Bientôt la chaise à porteurs se démocratisa et il y eut à Rome, des stations où l’on pouvait louer, comme aujourd’hui, un fiacre, une chaise et des porteurs. Ceux-ci, revêtus d’une casaque spéciale, noire .ou rouge, formaient d’ailleurs un syndicat, c’est-à-dire une corporation. L’histoire ne nous dit pas s’ils s’étaient aimables avec le bourgeois, si leur nez était aussi rouge que celui de nos modernes automédons, ni si le pourboire était obligatoire.

Bien mieux, certaines de ces chaises - chaises percées en ce cas - étaient destinées à remplir le rôle de nos colonnes Rambuteau et de nos élégants chalets de nécessité.

Le moyen âge ne connut pas, semble-t-il, la chaise à porteurs ; les rois fainéants lui préféraient leurs chars à bœufs.

C’est dans les dernières années du XVIe siècle que réapparaît la chaise à porteurs. Elle est formée d’une caisse plus haute que large vitrée sur le devant et les côtés, dans laquelle le promeneur ou plutôt la promeneuse se tient assise.

Ce moyen de transport fut mis à la mode par Marguerite de Valois, première femme de Henri IV, et à l’exemple de cette princesse, les hautes classes de la société s’empressèrent de l’adopter.

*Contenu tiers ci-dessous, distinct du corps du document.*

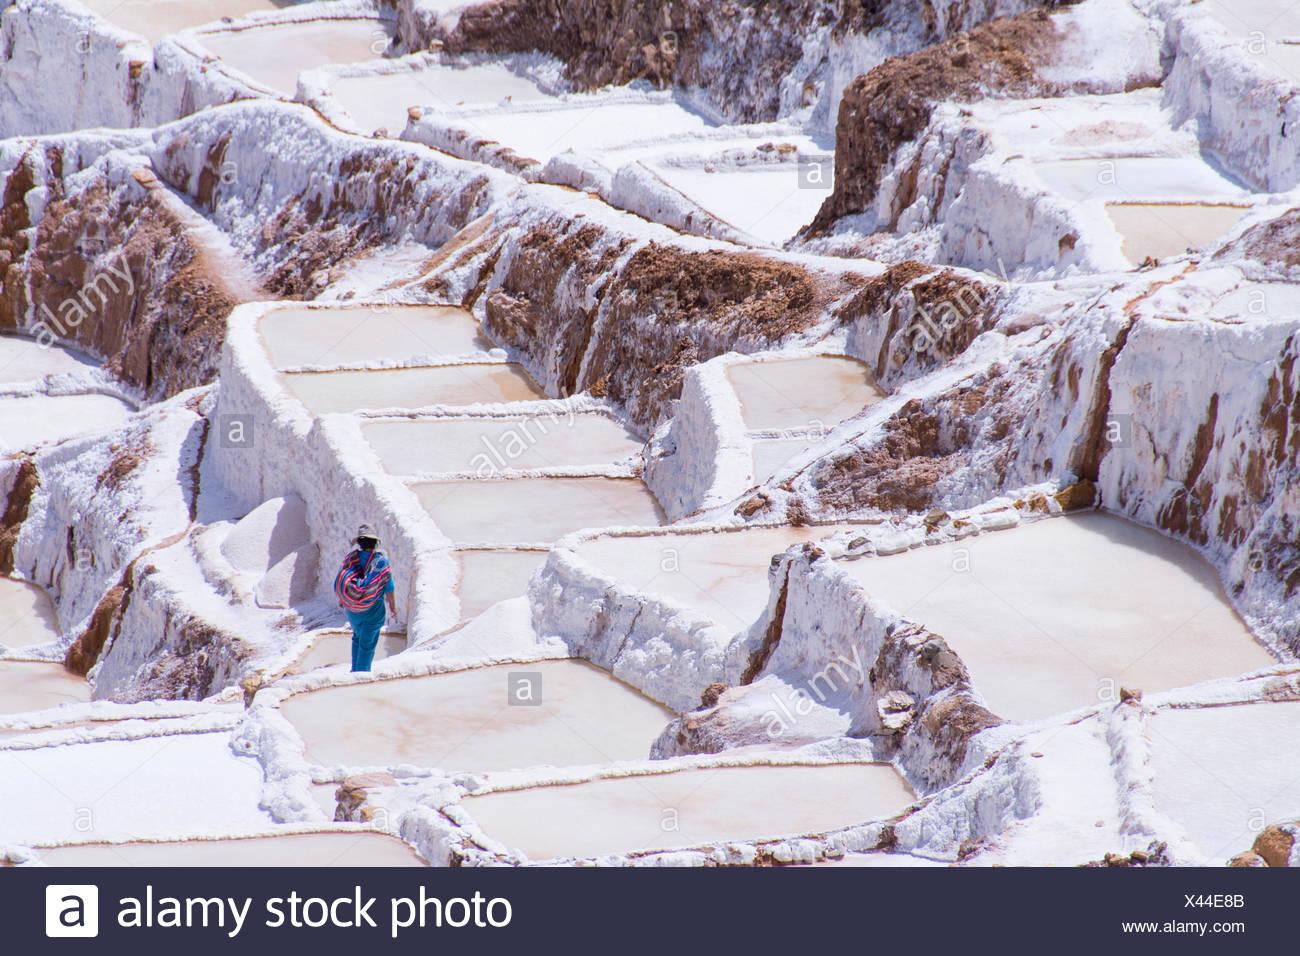 Salt pond mines of Maras, 40kilometers north of Cuzco, in the Cuzco Region of Peru - Stock Image
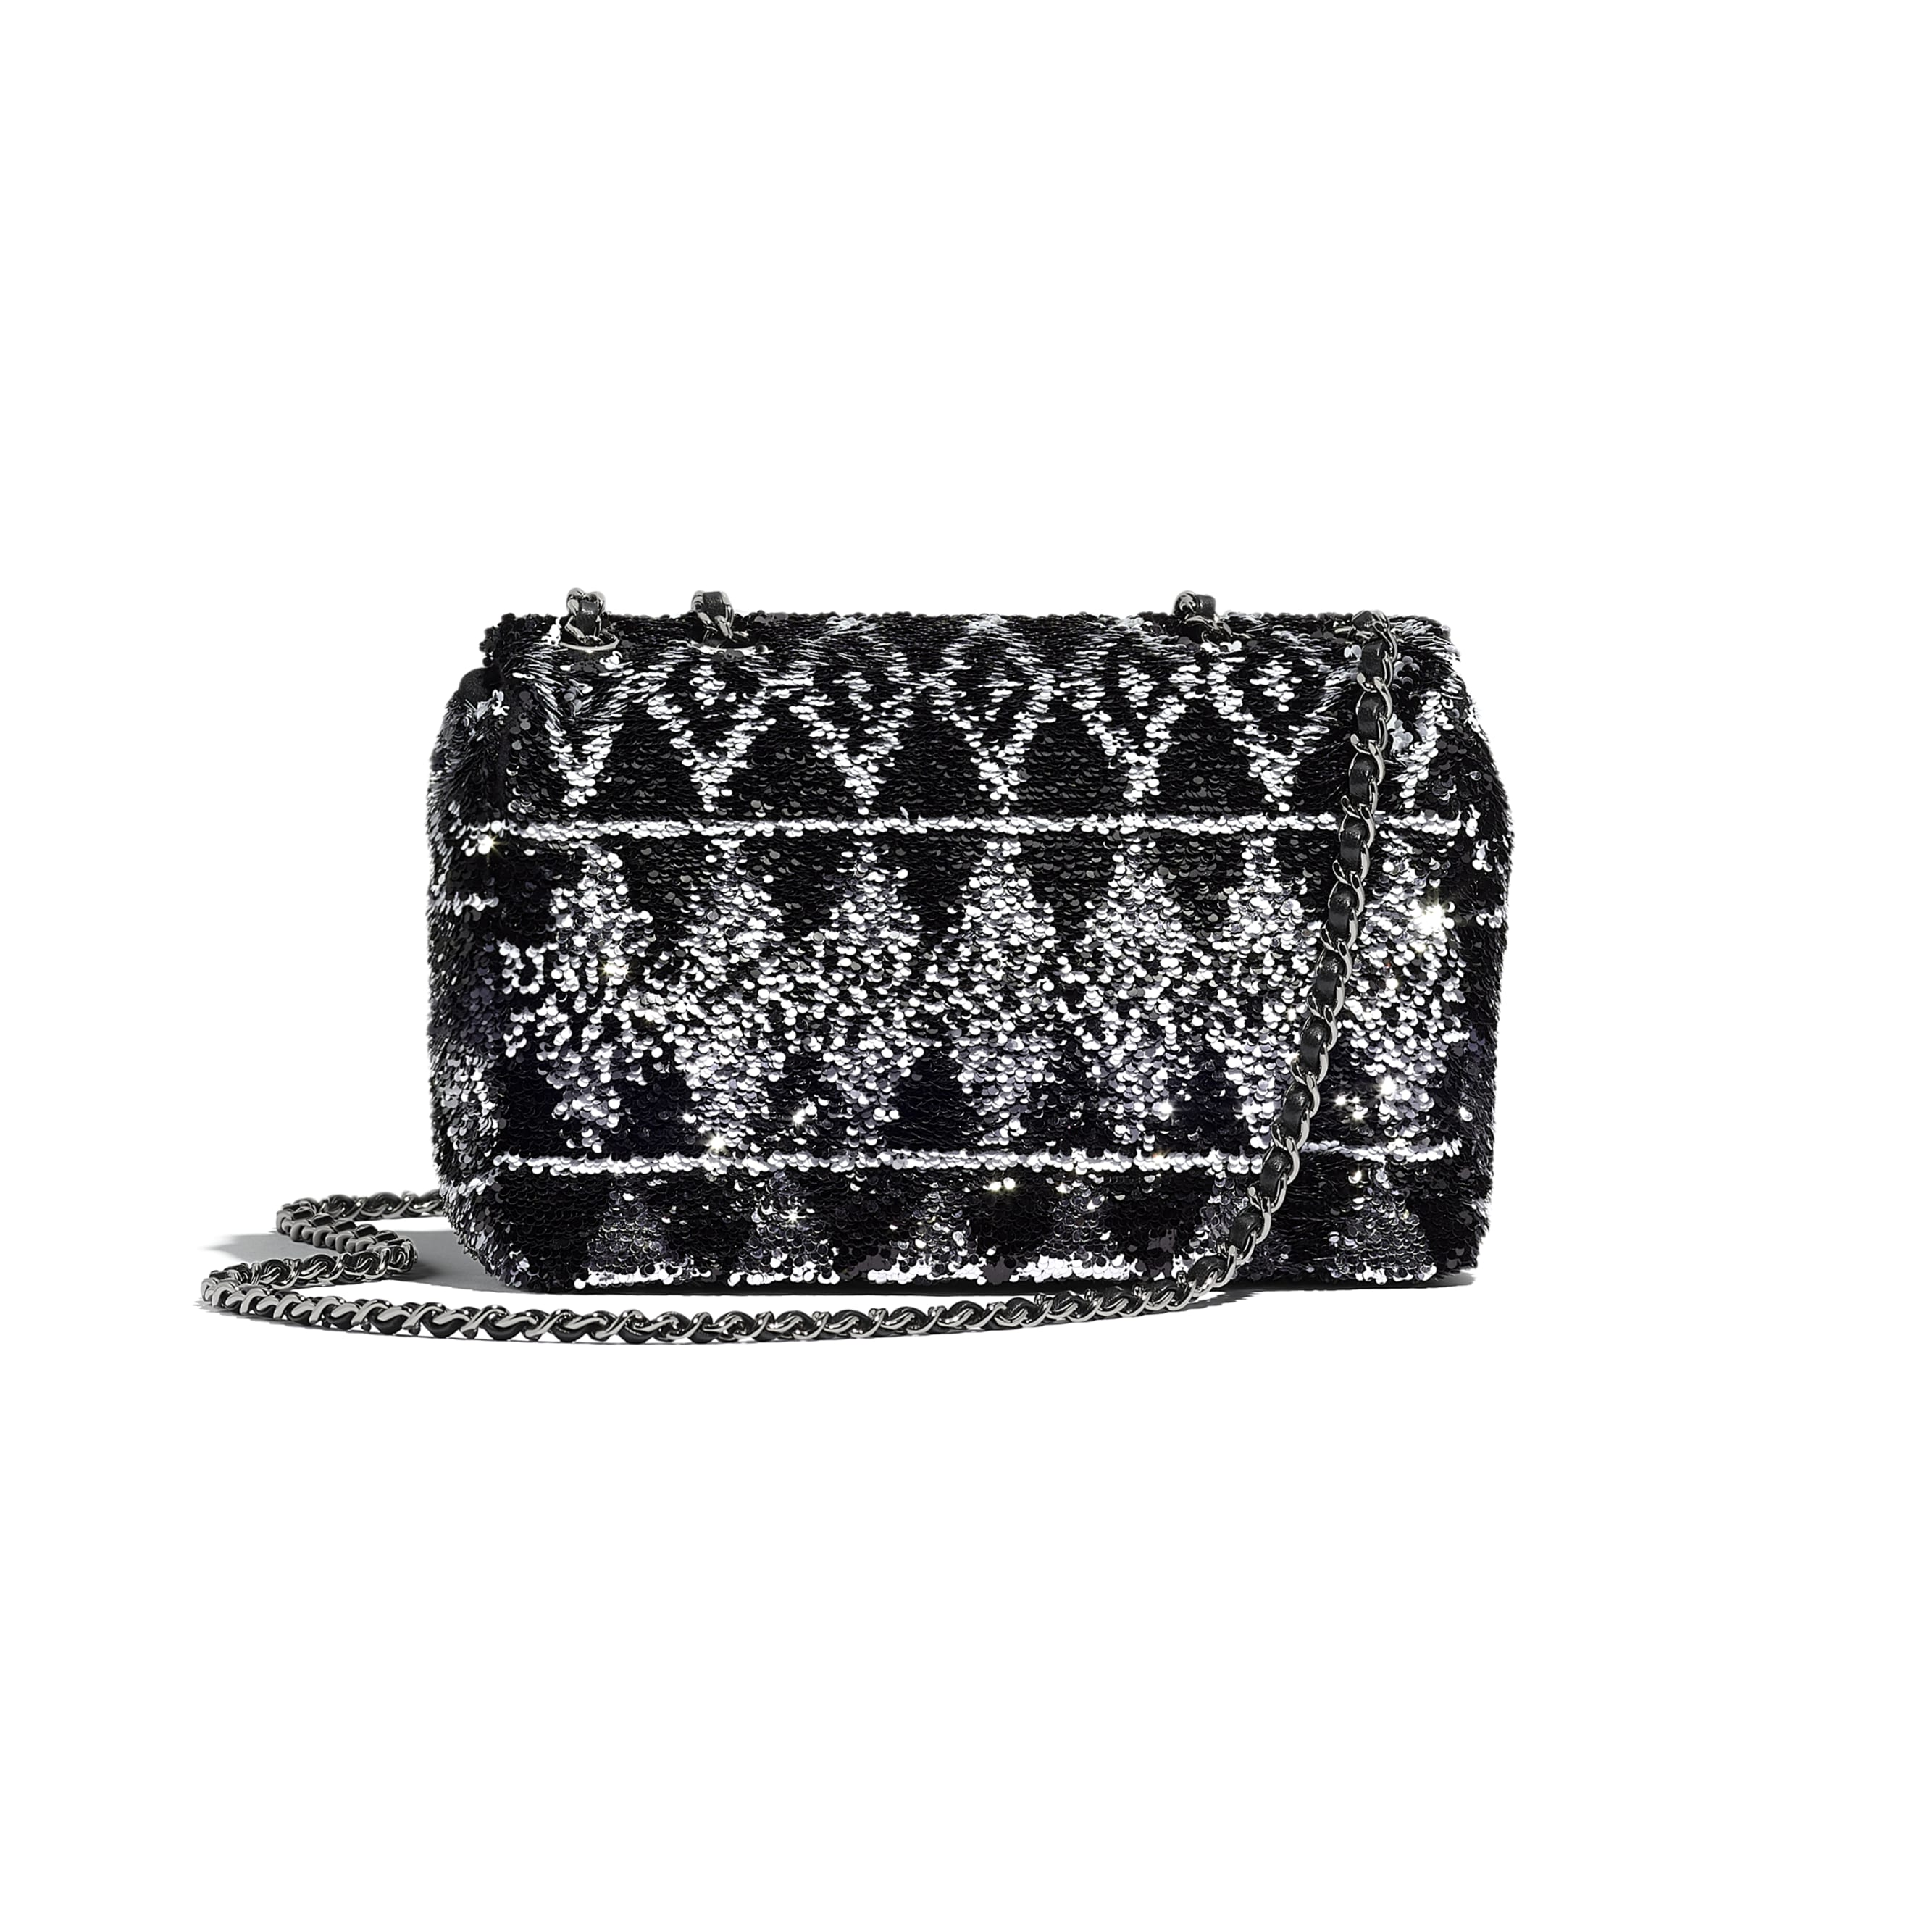 Flap Bag - Silver & Black - Sequins & Ruthenium-Finish Metal - Alternative view - see standard sized version

Il se trouva même bientôt, comme à Rome, des industriels pour l’exploiter. Les premiers qui firent une entreprise de ce genre furent Jean Doucet, Regnault d’Ezanville et Pierre Petit, auquels Marie de Médecis, alors régente, donna en 1617, le privilège d’organiser, à Paris et dans les autres villes du royaume, un service de chaises à bras ou chaises à porteurs, « pour y faire porter des rues à autres ceux et celles qui voudroient s’y faire porter ».

Ces chaises étaient découvertes, ce qui sous notre climat plutôt inclément, en diminuait beaucoup l’utilité : aussi leur préféra-t-on les chaises couvertes aussitôt que celles-ci furent connues. Ces dernières furent emportées de Londres en 1619, par le marquis de Montbrun, bâtard du duc de Bellegarde, qui se faisait appeler seigneur de Souscarrière et qui, au dire de Tallemand des Réaux, était allé en Angleterre « pour se remplumer de quelque perte au jeu ». Ce seigneur se fit accorder, pour lui et une dame de Cavoie, un privilège exclusif d’exploitation. Un privilège semblable fut donné plus tard à une demoiselle d’Estampes, devenue ensuite vicomtesse de Bourdeilles.

L’invention des fiacres, en 1640, ne fit pas disparaître les chaises de louage ; elles continuèrent à être employées dans certaines classes de la société, jusqu’aux premières années de la Révolution. En 1669, un sieur Dupin en imagina une espèce qui étaient montée sur deux roues ; mais ces nouvelles chaises que l’on appelait brouettes, roulettes et vinaigrettes n’eurent pas beaucoup de succès.

Les chaises à porteurs appartenant aux riches particuliers étaient souvent de petites merveilles de goût, de véritables bijoux. Il ne fut pas toujours facile aux belles dames d’y entrer avec leurs volumineux atours ; quand vint la mode des paniers, notamment, c’était une opération encore plus délicate que de franchir une porte étroite avec une ample crinoline aux élégantes du second empire.

Au XVIIIe siècle, les plus grands artistes comme Boucher, peignirent des panneaux de chaises. Laques, vernis Martin, montures de bronze, armoiries et couronnes servirent à les orner. La décoration suit les styles.

A Trianon, à Cluny, on peut voir de charmantes chaises à porteurs des époques Louis XV et Louis XVI. Au musée centennal des moyens de transport à l’Exposition de 1900, il en est aussi de fort belles.